We previously shared more detail about how the core proxy works here

Diagram of our reverse proxy architecture

As a request transits the core proxy, we run the various security and performance products available in our network. The proxy applies each customer’s unique configuration and settings, from enforcing WAF rules and DDoS protection to routing traffic to the Developer Platform and R2. It accomplishes this through a set of domain-specific modules that apply the configuration and policy rules to traffic transiting our proxy.

One of those modules, Bot Management, was the source of today’s outage. 

Cloudflare’s Bot Management includes, among other systems, a machine learning model that we use to generate bot scores for every request traversing our network. Our customers use bot scores to control which bots are allowed to access their sites — or not.

The model takes as input a “feature” configuration file. A feature, in this context, is an individual trait used by the machine learning model to make a prediction about whether the request was automated or not. The feature configuration file is a collection of individual features.

This feature file is refreshed every few minutes and published to our entire network and allows us to react to variations in traffic flows across the Internet. It allows us to react to new types of bots and new bot attacks. So it’s critical that it is rolled out frequently and rapidly as bad actors change their tactics quickly.

A change in our underlying ClickHouse query behaviour (explained below) that generates this file caused it to have a large number of duplicate “feature” rows. This changed the size of the previously fixed-size feature configuration file, causing the bots module to trigger an error.
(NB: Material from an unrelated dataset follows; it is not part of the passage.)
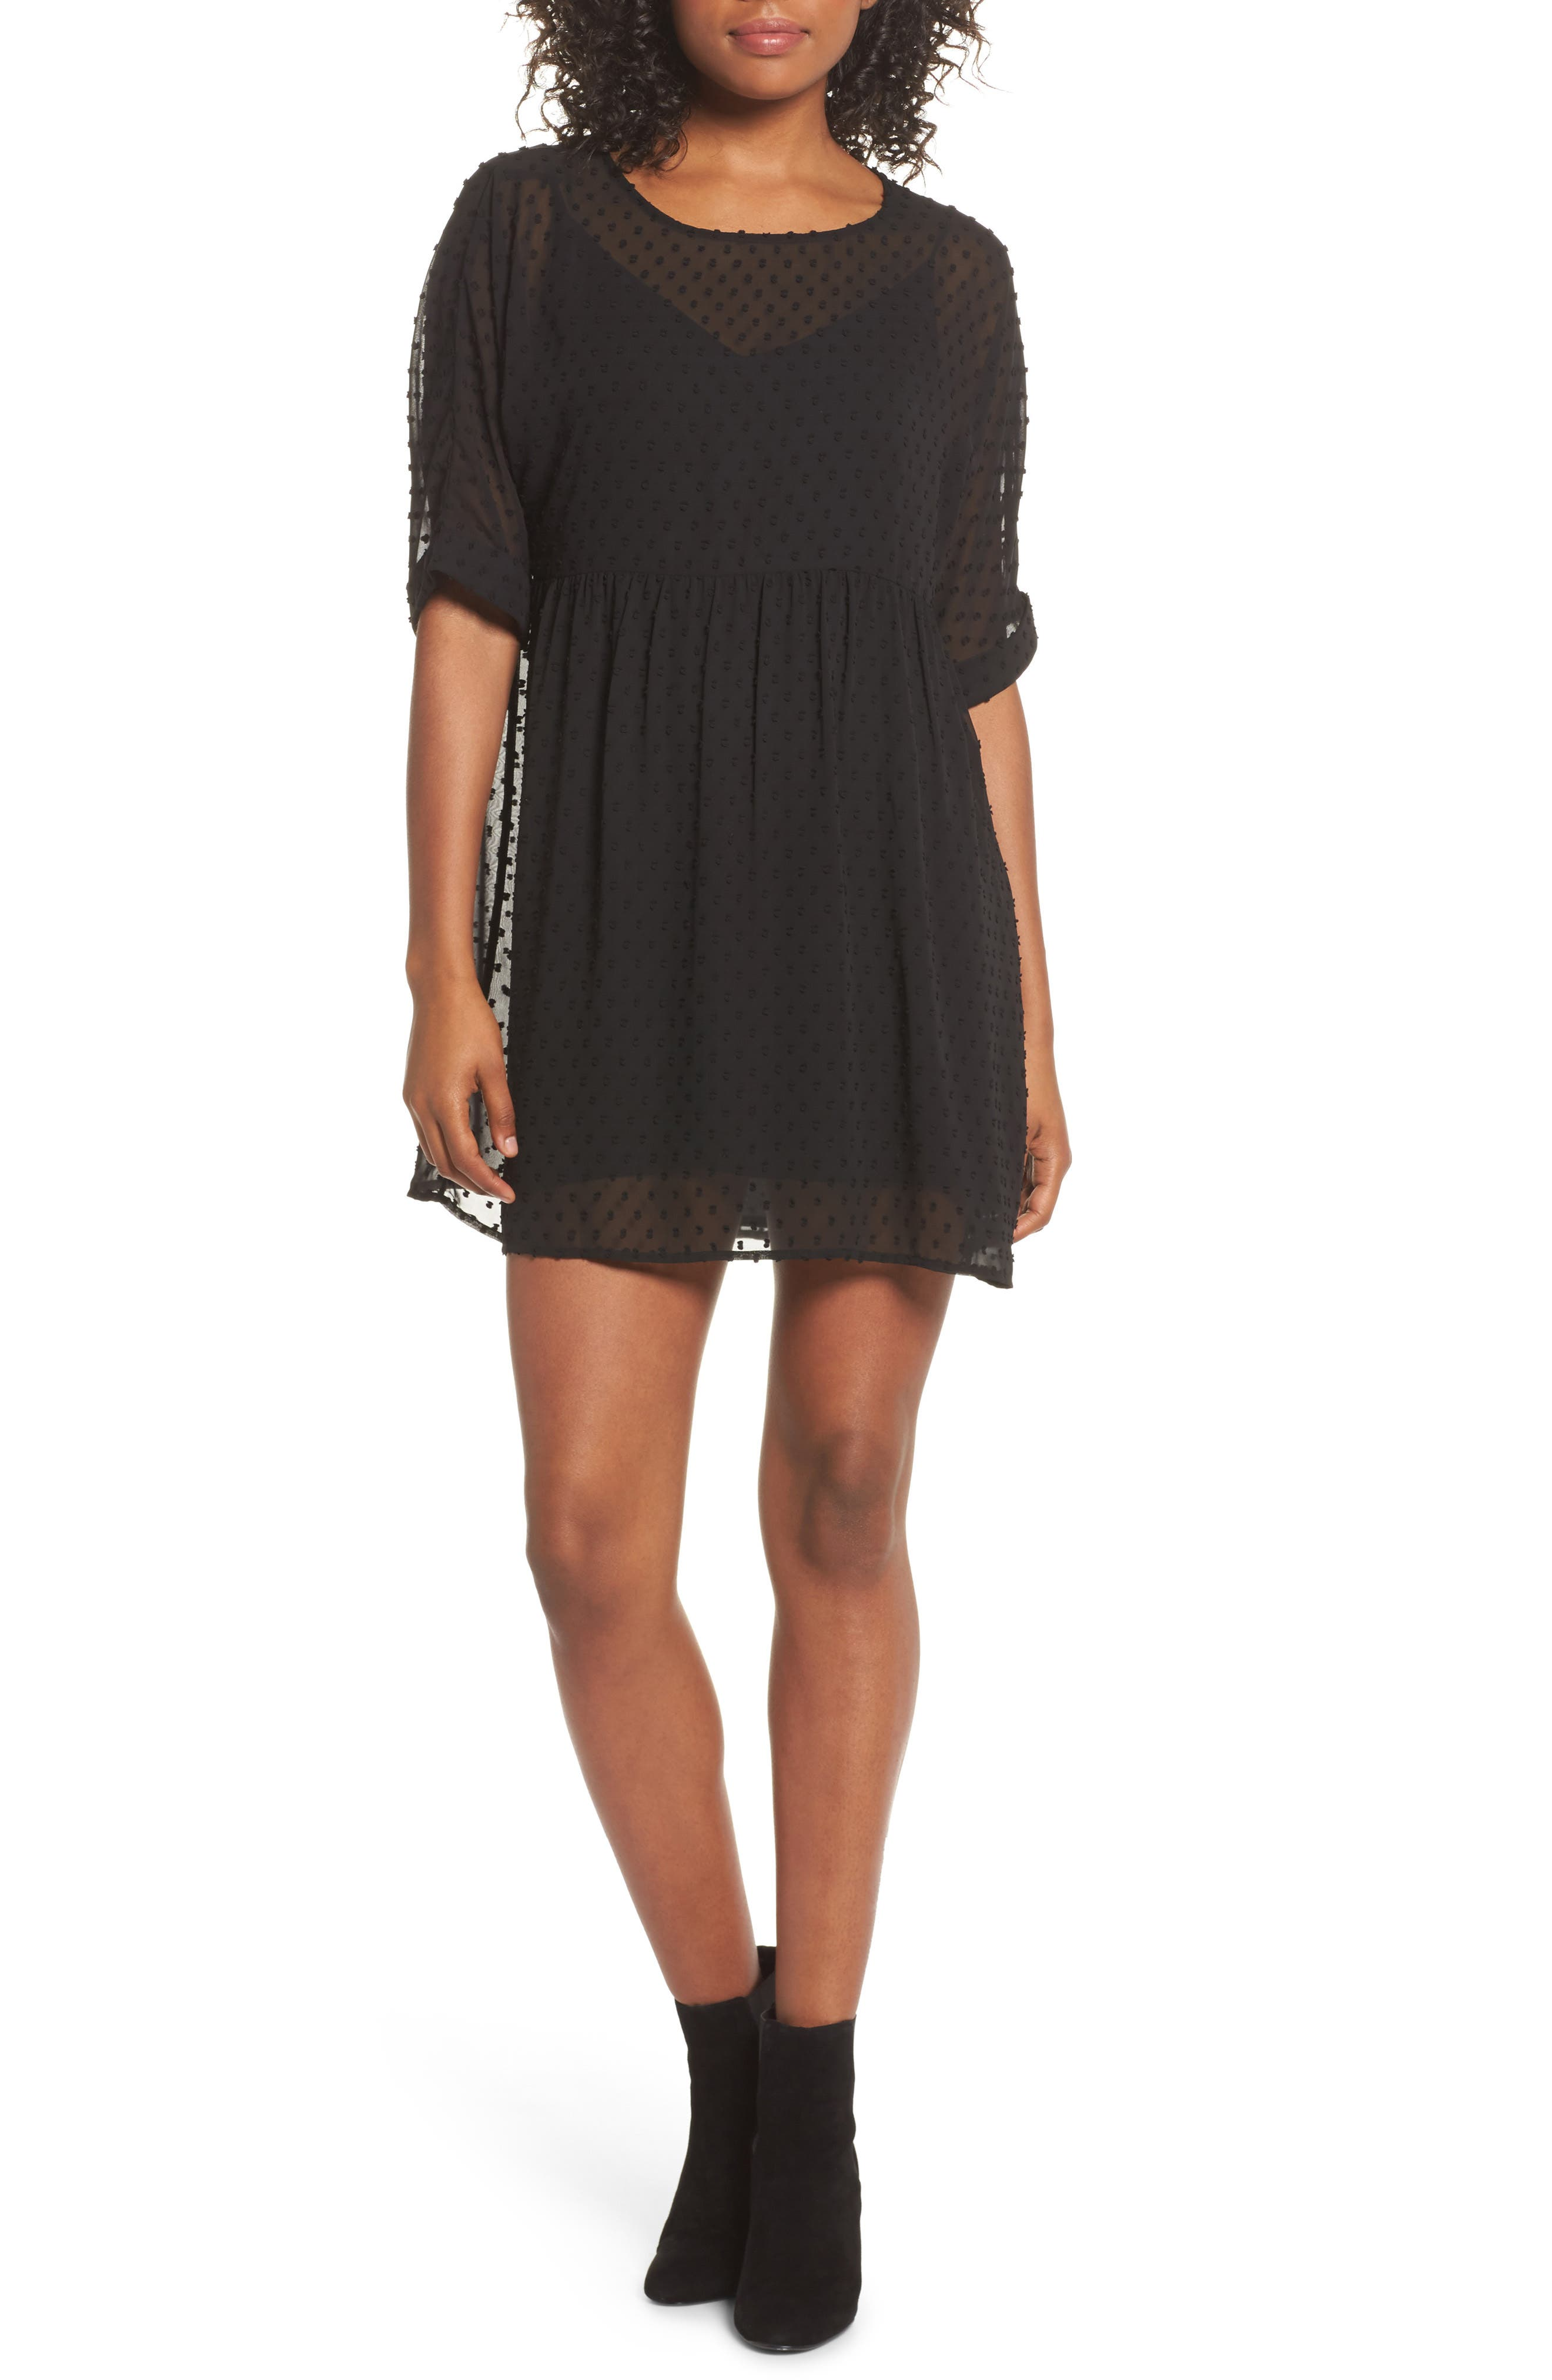 Bryden Minidress,                         Main,                         color, Black
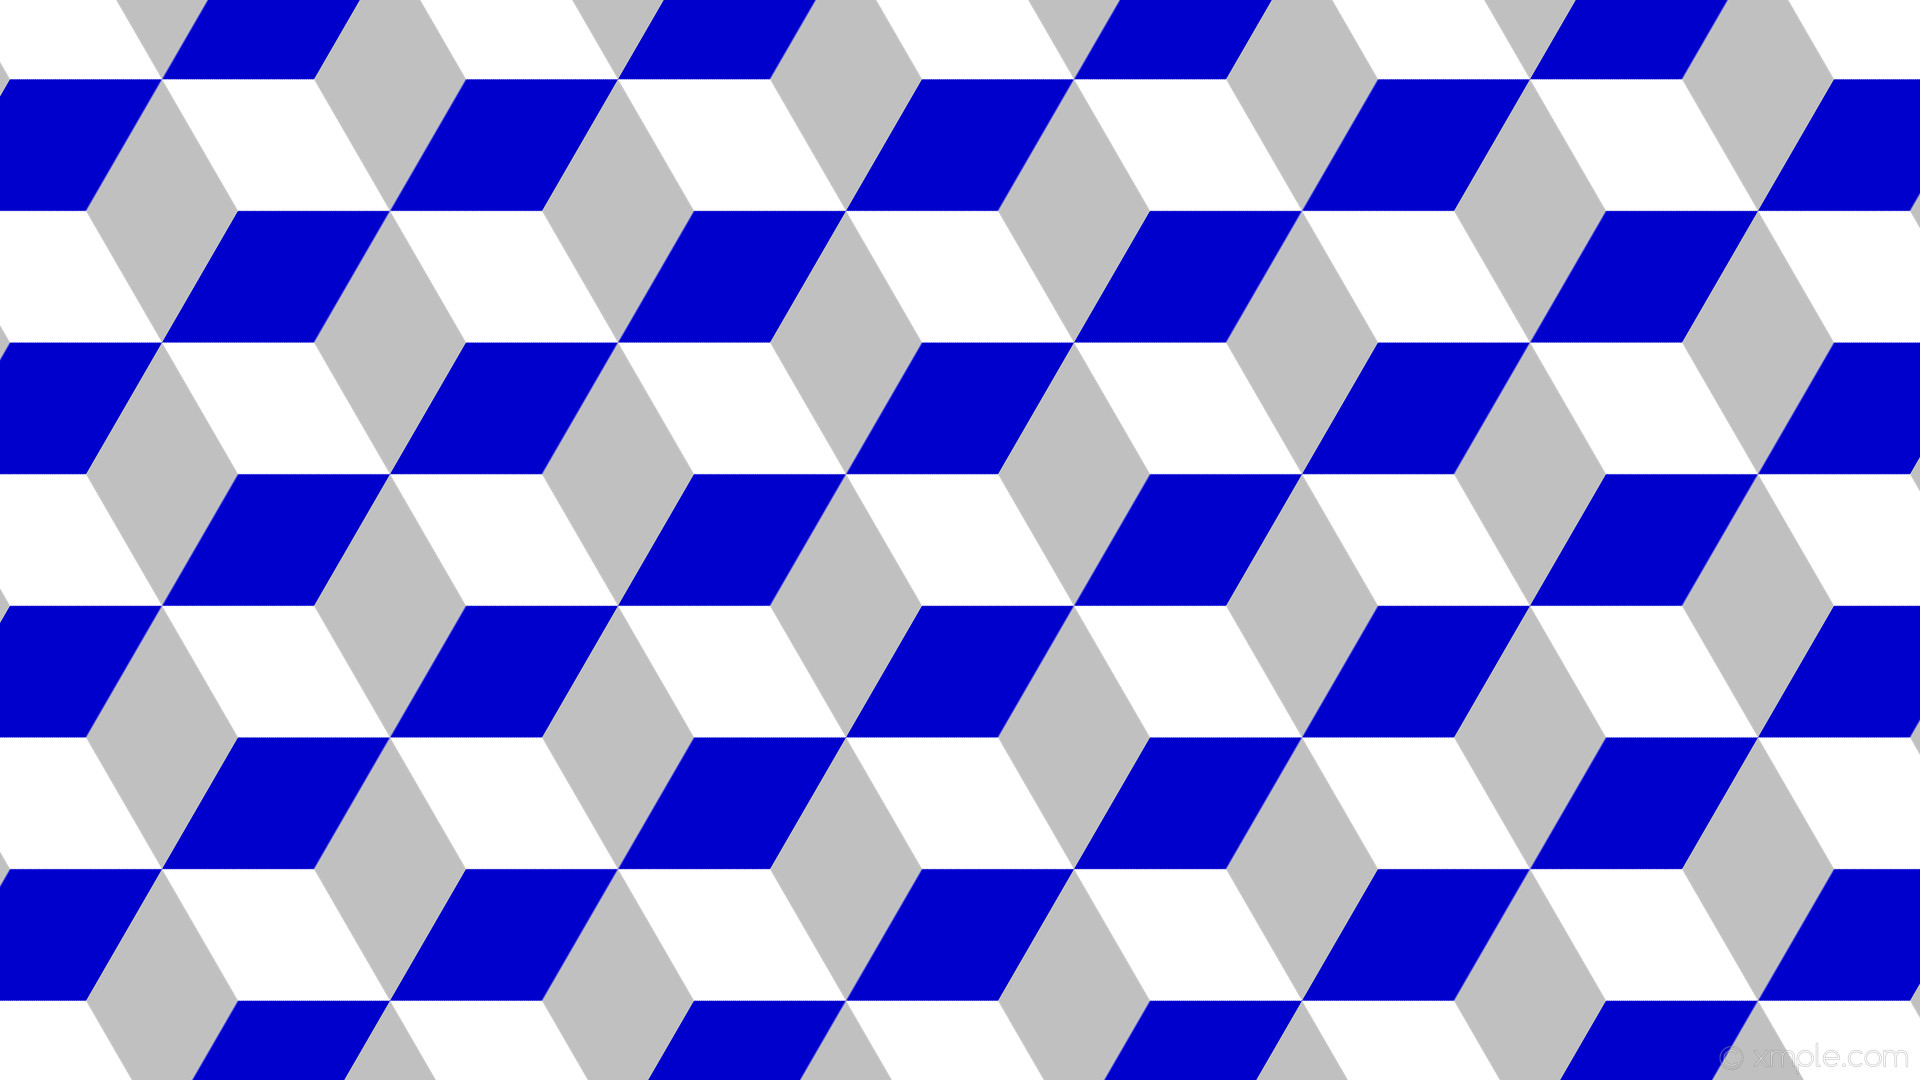 wallpaper blue grey 3d cubes white silver medium blue #ffffff #c0c0c0  #0000cd 330

As a result, HTTP 5xx error codes were returned by the core proxy system that handles traffic processing for our customers, for any traffic that depended on the bots module. This also affected Workers KV and Access, which rely on the core proxy.

Unrelated to this incident, we were and are currently migrating our customer traffic to a new version of our proxy service, internally known as FL2. Both versions were affected by the issue, although the impact observed was different.

Customers deployed on the new FL2 proxy engine, observed HTTP 5xx errors. Customers on our old proxy engine, known as FL, did not see errors, but bot scores were not generated correctly, resulting in all traffic receiving a bot score of zero. Customers that had rules deployed to block bots would have seen large numbers of false positives. Customers who were not using our bot score in their rules did not see any impact.

Throwing us off and making us believe this might have been an attack was another apparent symptom we observed: Cloudflare’s status page went down. The status page is hosted completely off Cloudflare’s infrastructure with no dependencies on Cloudflare. While it turned out to be a coincidence, it led some of the team diagnosing the issue to believe that an attacker may be targeting both our systems as well as our status page. Visitors to the status page at that time were greeted by an error message:

Error on the Cloudflare status page

In the internal incident chat room, we were concerned that this might be the continuation of the recent spate of high volume Aisuru DDoS attacks:

Internal chat screenshot

The query behaviour change

I mentioned above that a change in the underlying query behaviour resulted in the feature file containing a large number of duplicate rows. The database system in question uses ClickHouse’s software.

For context, it’s helpful to know how ClickHouse distributed queries work. A ClickHouse cluster consists of many shards. To query data from all shards, we have so-called distributed tables (powered by the table engine Distributed) in a database called default. The Distributed engine queries underlying tables in a database r0. The underlying tables are where data is stored on each shard of a ClickHouse cluster.

Queries to the distributed tables run through a shared system account. As part of efforts to improve our distributed queries security and reliability, there’s work being done to make them run under the initial user accounts instead.

Before today, ClickHouse users would only see the tables in the default database when querying table metadata from ClickHouse system tables such as system.tables or system.columns.

Since users already have implicit access to underlying tables in r0, we made a change at 11:05 to make this access explicit, so that users can see the metadata of these tables as well. By making sure that all distributed subqueries can run under the initial user, query limits and access grants can be evaluated in a more fine-grained manner, avoiding one bad subquery from a user affecting others.

The change explained above resulted in all users accessing accurate metadata about tables they have access to. Unfortunately, there were assumptions made in the past, that the list of columns returned by a query like this would only include the “default” database:

SELECT name, type FROM system.columns WHERE table = 'http_requests_features' order by name;

Note how the query does not filter for the database name. With us gradually rolling out the explicit grants to users of a given ClickHouse cluster, after the change at 11:05 the query above started returning “duplicates” of columns because those were for underlying tables stored in the r0 database.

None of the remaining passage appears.